Some more info about the map...

The map is devided into 7 sections, the following is my description of them:

page #1:
a huge room that is the central area for the mine

page #2:
long and winding corridors, sometimes enormous caverns that must be traversed by slender bridges over wide cravasses (cracks in the mountain), high stairs carved in the rock, side corridors that are little more than holes where promising seams had been followed but usually turned out to have very little yeilds.

page #3:
a round room that spirals downward, there are doorways all along the spiral, a track leads along the walls all the way to the bottom.

page #4:
long and winding corridors, occasionally great rooms sometimes tight corridors

page #5:
long and winding corridors interspersed with larger caverns
here they find the mouth of the cave and the difference is staggering. Not much has been done in the cave, but some areas have been modified for greater ease of passage (framkomlighet).

page #6:
once again long winding corridors
the lake where the dragon lives

page #7:
a beautiful drawing of the portal leading to the chamber where the well of youth is

Does this make sense?

----------


## Larb

Are you working with traditional media or digital?
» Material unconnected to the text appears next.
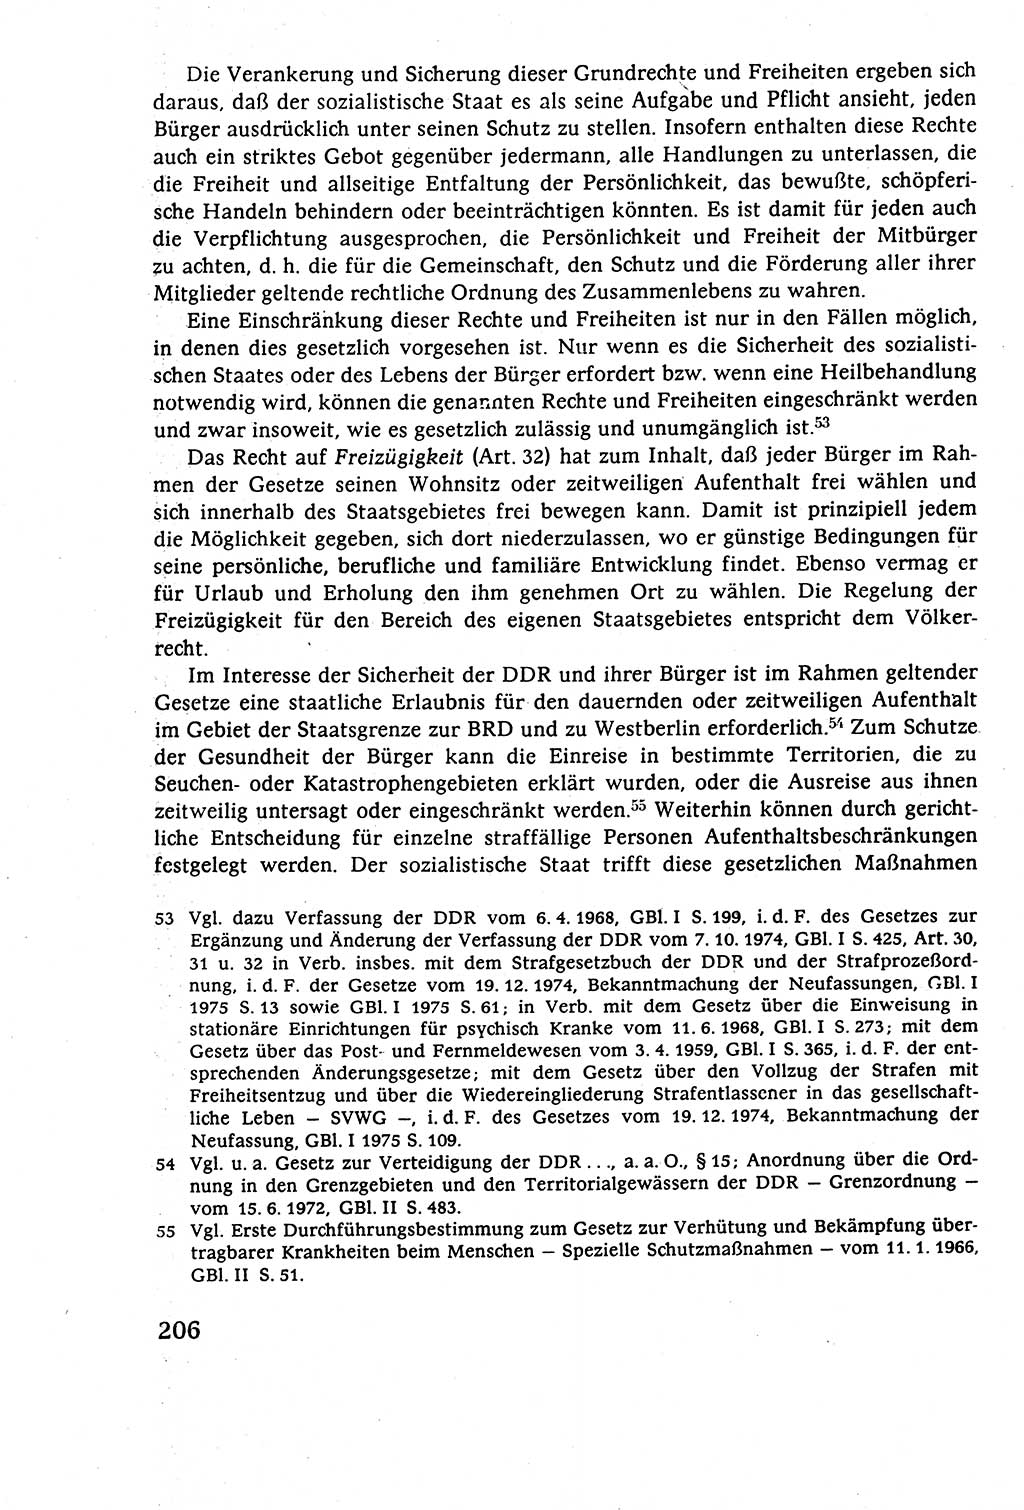 Staatsrecht der DDR (Deutsche Demokratische Republik), Lehrbuch 1977, Seite 206 (St.-R. DDR Lb. 1977, S. 206)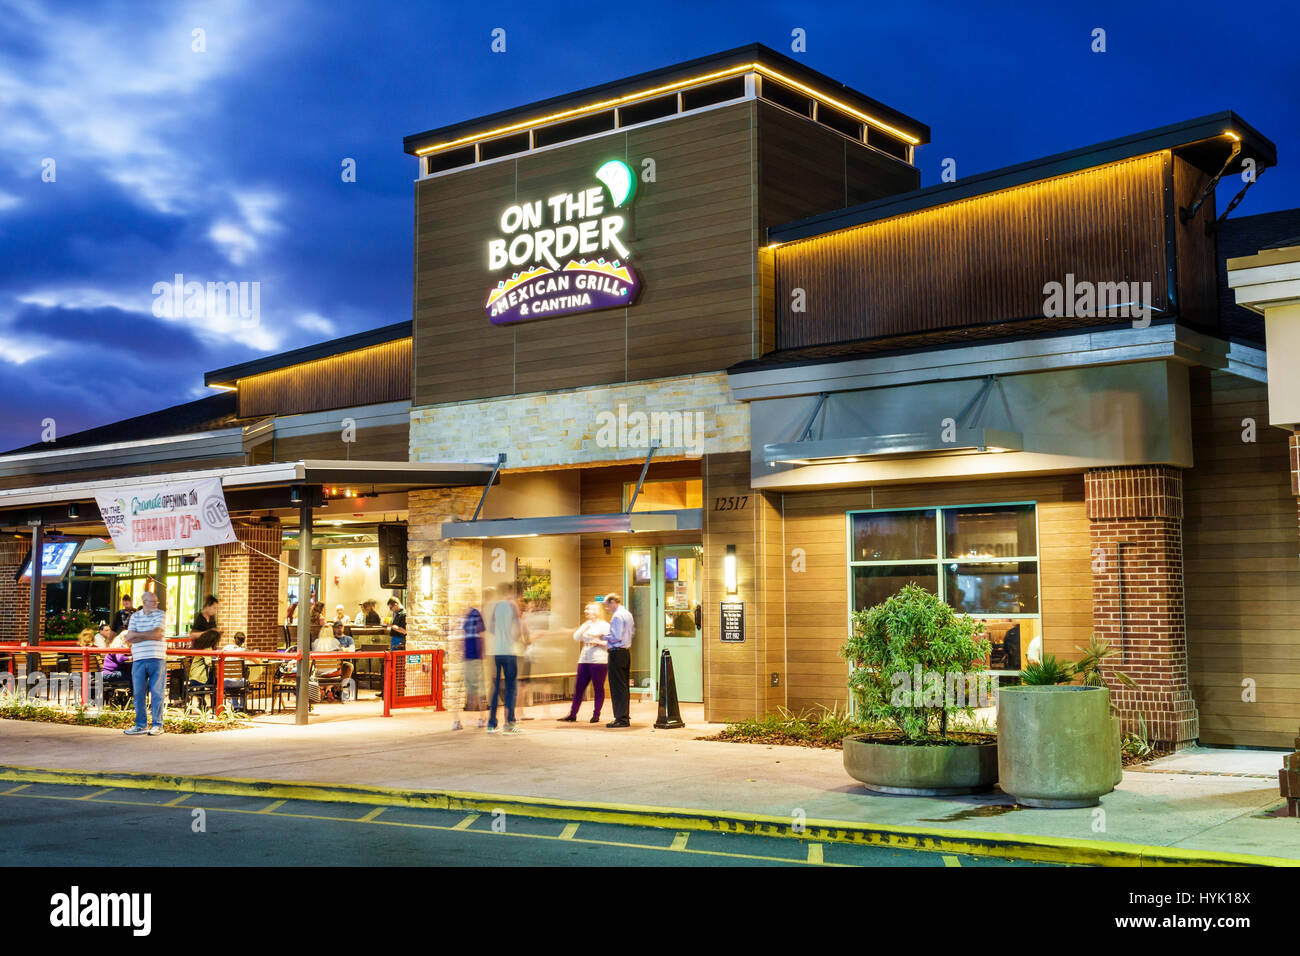 Orlando Florida, Crossroads of Lake Buena Vista, restaurants, centre commercial, extérieur, sur la frontière, grill mexicain, cantina, restaurant restaurants restauration repas c Banque D'Images

Digitally an isometric grid makes life a lot easier. For traditional - well I guess you could draw in the iso guidelines yourself in pencil. Sounds like a bit of a pain though. =P

----------


## sarawinter

> Are you working with traditional media or digital? Digitally an isometric grid makes life a lot easier. For traditional - well I guess you could draw in the iso guidelines yourself in pencil. Sounds like a bit of a pain though. =P


I thought I'd do it traditional, I'm not very good with digital tools... but as you say, it may turn out to be a bigger project than I imagine.

----------


## sarawinter

For anyone interested in the history of the map, and have patience enough to read it, here is what is said about it directly from my manuscript:

Bradean Uvring

A hackling laugh came from a man in the back of the room. Teacup had not noticed him. It was a very old man, he was so slim and scrawny, almost just skin and bones, that he looked as if he were going to fade away at anytime. He had hardly any hair left on his head, but his beard hung from his chin in long silvery stripes. The man was sitting on a chair and leaned against a crooked stick with both hands. He glanced at Teacup and Leffe while he laughed. Under his bushy eyebrows, the man's eyes were squinty and razor sharp.
"No," said the man, shaking his head, "none of your past experiences will be helpful here. Just as those who have wanted to find the source of the fountain youth before you, you have underestimated the mine and will not find anything other than the same fate as them. "He looked up at Yrick," how many have returned with their lives of those who have tried?"
Yrick shrugged and muttered something in his beard.
The man dragged his chair a little closer to Yrick, "excuse me?" He said.
Yrick sighed and said slightly louder: "No one - as far as we know, anyway."
"That's exactly what I mean," the man said, and thumped his stick against the floor. "You are shamelessly unprepared, but that is not your only problem. Hofingknall - that mountain is condemned! Those who set foot there only bring misfortune and misery upon themselves. "
"But the people who live there then?" Teacup asked. "I saw smoke coming from a chimney on a house that is on that side of the mountain."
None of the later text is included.